Oggi è previsto un incontro con tutti i sindaci dell’area del mandamento, il giudice di pace e i rappresentanti dell’ordine degli avvocati per discutere della questione e, possibilmente, trovare subito una soluzione. Martedì prossimo l’argomento figura inoltre tra i punti all’ordine del giorno del consiglio comunale. Le prossime ore saranno cruciali per capire come si evolverà la faccenda. Il territorio non ha alcuna intenzione di perdere un punto di riferimento importantissimo come l’ufficio del giudice di pace, la cui soppressione obbligherebbe centinaia di cittadini a spostarsi in altre città. Causando disagi a non finire. Sul caso si è già espresso il gruppo di opposizione Zente nova, che ieri ha diffuso un documento.

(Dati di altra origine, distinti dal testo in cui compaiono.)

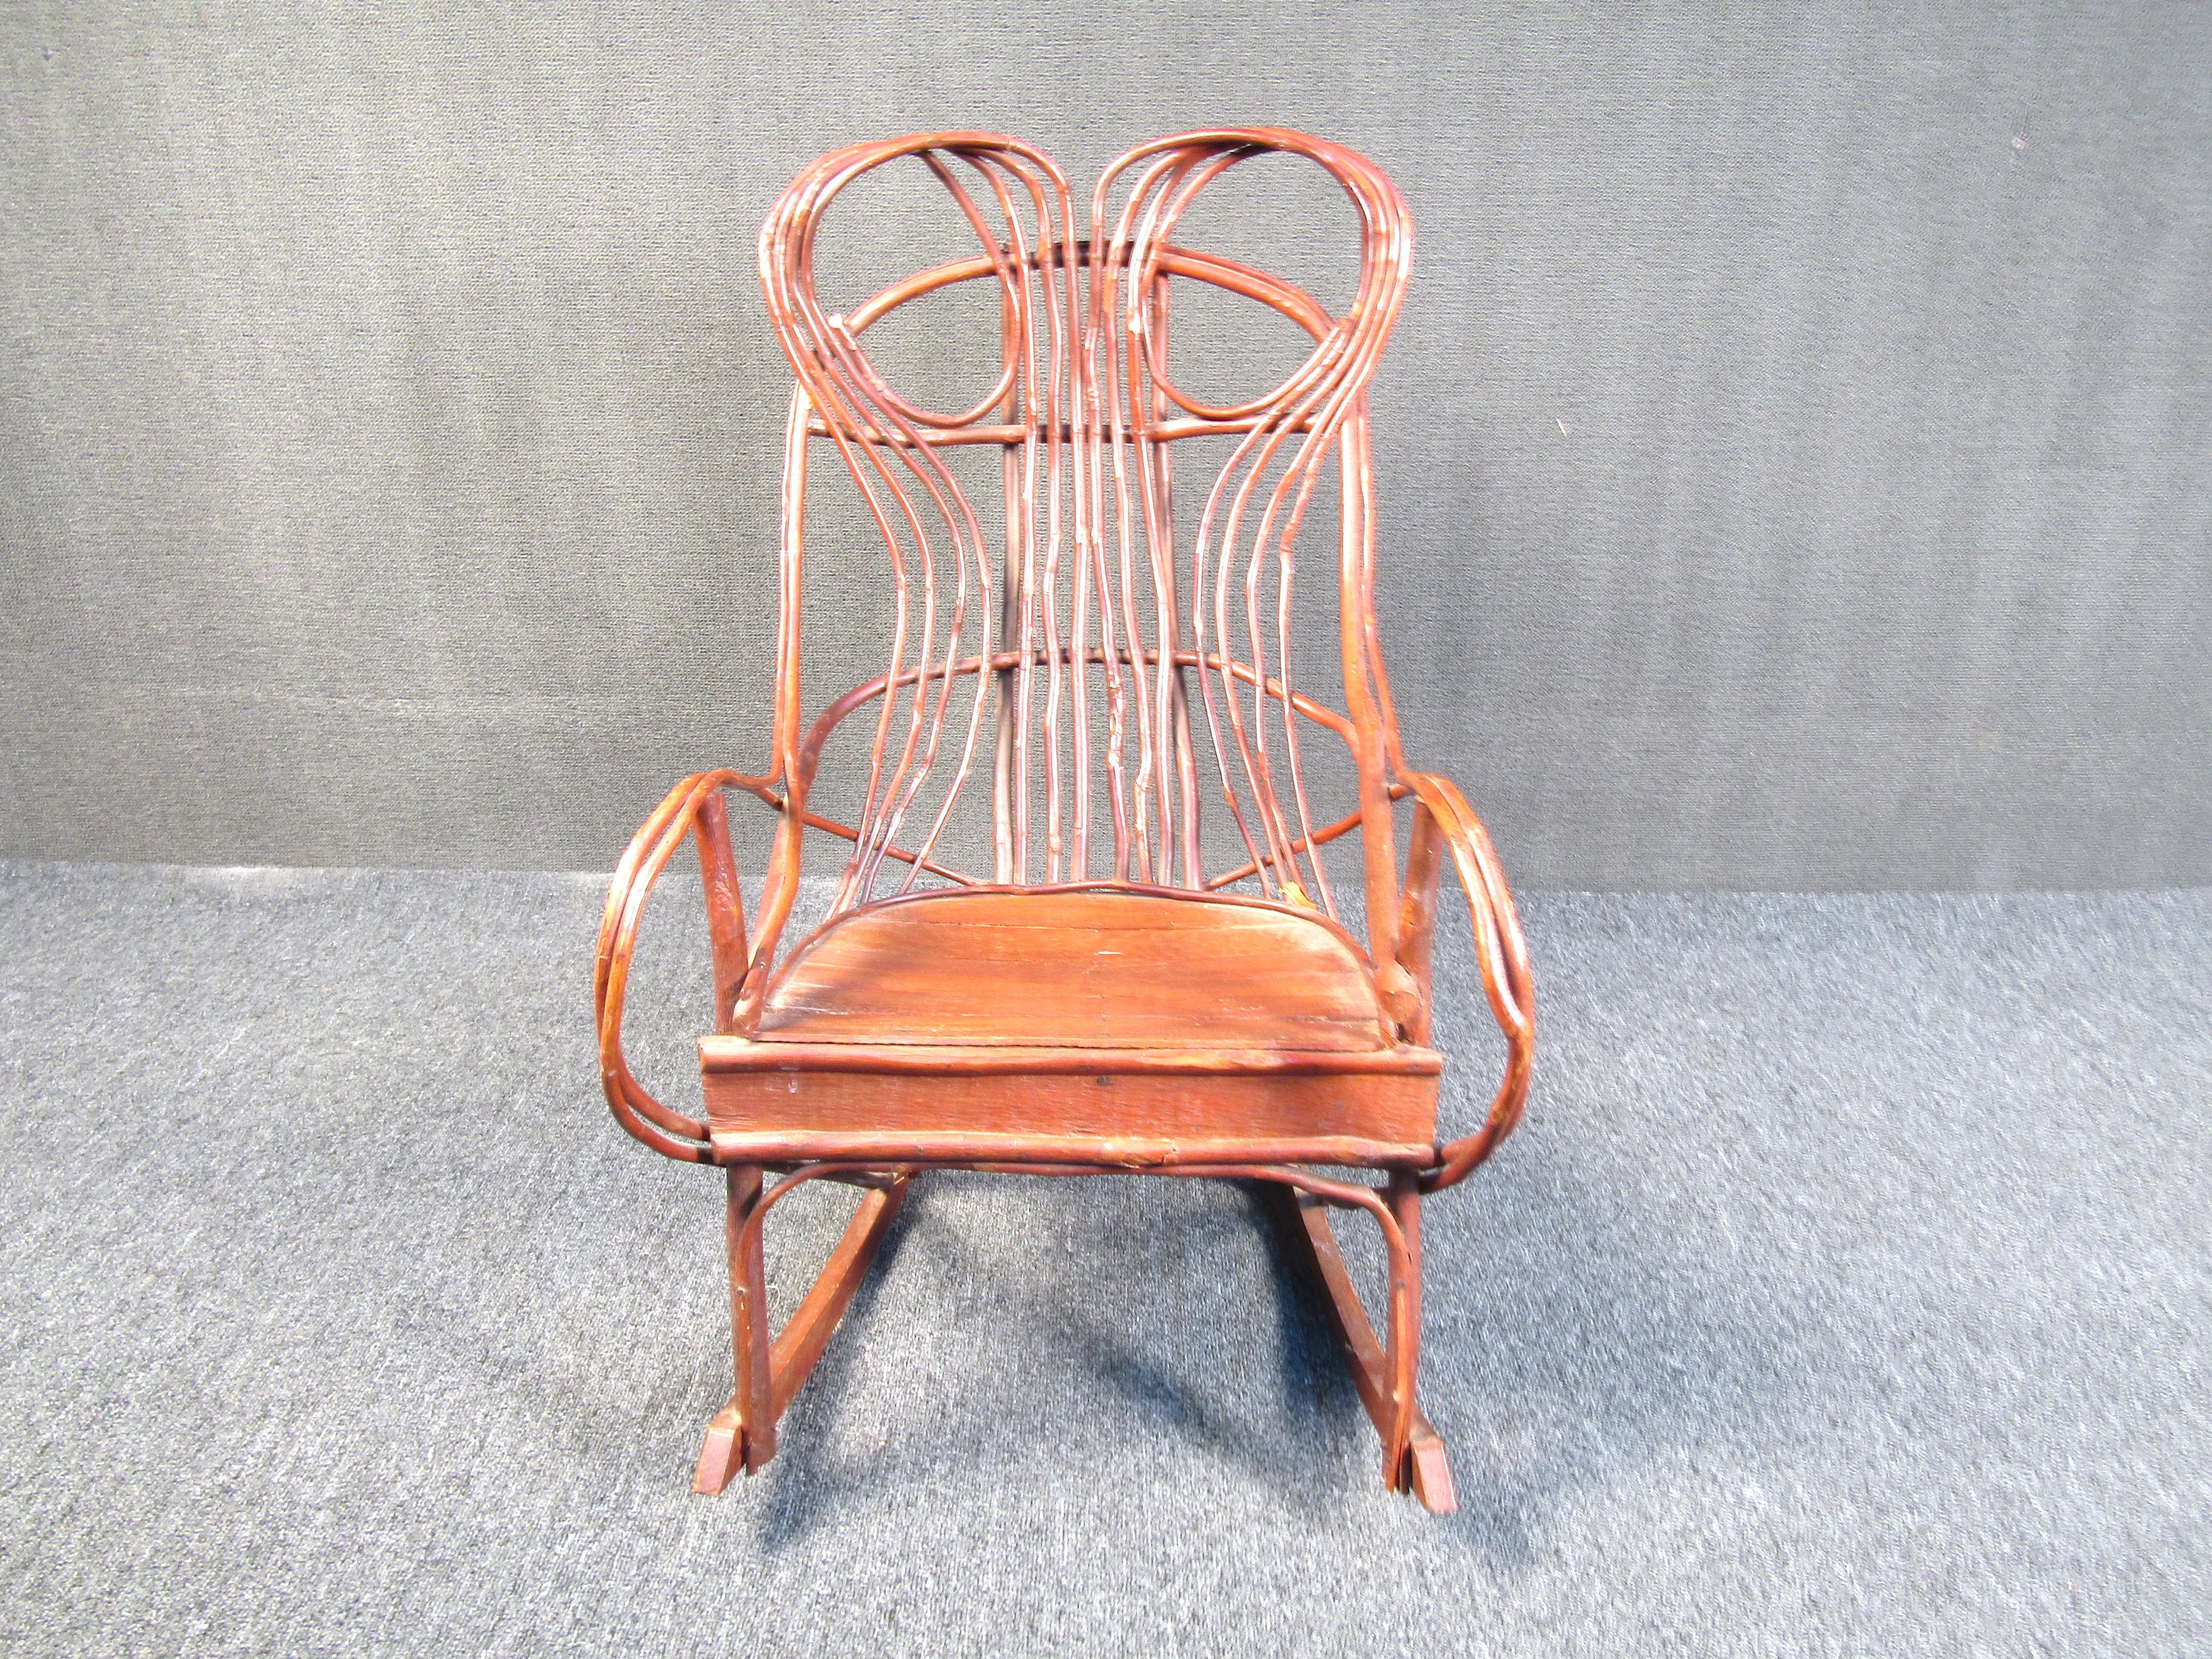 This incredibly unique rocking chair is made from intricately woven and fastened tree branches. it has a flat wood seat with the rest of the piece being made from actual non processed tree branches. This piece will add character and charm to any

«Una eventuale chiusura dell’ufficio del giudice di pace sarebbe una beffa – scrive Zente nova – e visto che gli impiegati individuati dal Comune e dall’Unione dei Comuni hanno optato per altre scelte, urge individuare velocemente altre figure qualificate, in grado di affrontare gli oneri e i carichi di lavoro che quel tipo di servizio richiede. Diversamente, i cittadini di Siniscola e del distretto giudiziario, sia in materia di cause civili che penali di competenza del giudice di pace (compresi i ricorsi contro le sanzioni del codice della strada), dovranno andare a Nuoro. La difesa del presidio è la rivendicazione di un diritto di tutti. Invitiamo al consiglio comunale del 29 luglio i cittadini, gli avvocati e i rappresentanti delle associazioni di categoria – conclude Zente nova – per sostenere la richiesta di uno sforzo comune per la sopravvivenza del presidio, individuando le due figure professionali, già dipendenti nei comuni del distretto, in grado di sopperire al vuoto di organico lasciato dal trasferimento di quelli ministeriali.